To explore these regions in depth, we extracted Rev NES and Env LLP-2 sequences from curated amino acid alignments of HIV-1/SIVcpz, HIV-2/SIVsmm, and other SIVs in the Los Alamos Database (2018; hiv.lanl.org) and compared sequence logos for each virus (Crooks et al., 2004; Foley, 2013; Figure 8). The sequence alignment and number of sequences used for each sequence logo is provided in Supplementary files 1 and 2. The hydrophobic Crm1-binding residues of the NES are highly conserved across different HIV-1, HIV-2, and SIVs (Figure 8) but the NESs can be broadly grouped into two categories: one contains the hydrophobic/proline arrangement observed in HIV-1 and the other contains HIV-2-like characteristics that preserve the spaced hydrophobic contacts but lack consecutive prolines and instead are glutamine-rich. LLP-2 is more varied and viruses fall into three groupings: (1) HIV-1 M, N, and SIVcpzPtt conserve the charge cluster dissected in our assays; (2) HIV-1 O, HIV-1 P, SIVgor, and SIVcpzPts have minimal charge; and (3) SIVmac, HIV-2, SIVsmm, and SIVrcm conserve R772 and occasionally D773. The high conservation of hydrophobic Crm1 contacts appears to dominate selection for the NES while maintaining sufficient sequence flexibility for LLP-2 to retain its structure. Indeed, the size of the Env cytoplasmic tail varies among different retroviruses (Tedbury and Freed, 2015), and the loss of the tail is commonly observed when SIV is propagated in human cells, suggesting that both host and viral determinants influence the function and variability of this region (Kodama et al., 1989; Shimizu et al., 1992; Shacklett et al., 2000).

Discussion

We previously found that overlapped genes (rev and tat) can segregate functionally important residues by having a disordered segment of one protein overlapped with an ordered segment of the other (Fernandes et al., 2016). The present study shows that residues can functionally segregate even when both overlapping segments are structured. We probed residues in the Env gp41 LLP-2 that overlap with the Rev NES and compared the limits to which this domain can tolerate mutation to the already well-established mutational limits of Rev (Jayaraman et al., 2019). Interestingly, we observed that critical residues in both proteins are located on one face of a helix such that they are spaced periodically in alternative reading frames (Figure 7). This arrangement is a consequence of the genetic code where the wobble bases of functionally critical codons in one reading frame can be chosen to accommodate critical residues in the alternative frame, while the first two codon bases overlap with more mutation-tolerant residues located on a non-binding surface of the overlapped protein (Figure 7). Specifically, the important hydrophobic residues of the Rev NES are oriented on one surface toward the Crm1-binding groove, with consecutive prolines altering the helical register compared to other Crm1 cargoes (Booth et al., 2014; Jayaraman et al., 2019). The non-binding face of the NES helix is highly mutable and capable of sampling nearly every amino acid with roughly equal fitness. These highly mutable residues correspond to nucleotides that encode critical charged residues on the functional surface of gp41 LLP-2 in the alternative frame. Correspondingly, residues on the non-charged face of the LLP-2 helix minimally constrain codon usage of important Rev NES contact residues.

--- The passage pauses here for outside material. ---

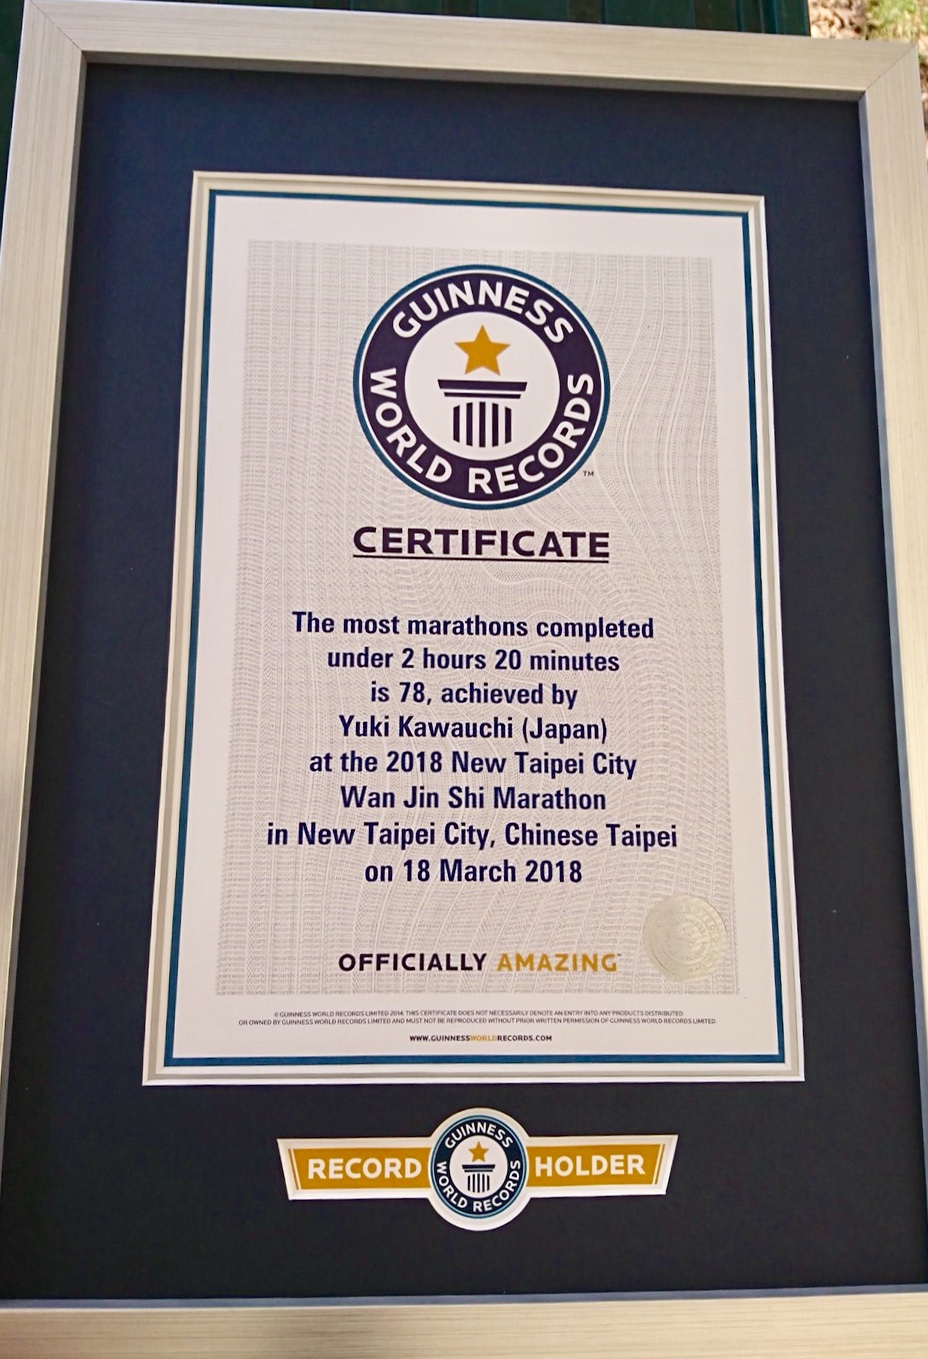 Guinness Certifies Kawauchi's World Record 78 Career Sub-2:20 Marathons ...

The striking segregation of function we observe for Env LLP-2/Rev NES is made possible by the atypical proline-rich NES and partially redundant function of the LLP-2 positive charges. This manner of segregation in HIV-1 is not necessarily the case for similarly overlapped regions in other lentiviruses, which appear to have different functional requirements based on their sequence conservation (Figure 8). The findings are another indication of how efficiently HIV-1 makes use of its limited coding capacity.

Our results show that Env D773 is under strong selective pressure although the precise function of this residue is not known. In addition to this negative charge, positive charges positioned on the same face of the helix are also important. Previous studies have suggested several possible functions for the LLP-2, including maintaining Env in a prefusogenic state (Lu et al., 2008; Postler and Desrosiers, 2013; Murphy et al., 2017), regulating viral assembly and egress (Snetkov et al., 2021), or mediating matrix-Env interactions (Alfadhli et al., 2019). The function of these charged residues in viral fusion or assembly remains to be determined.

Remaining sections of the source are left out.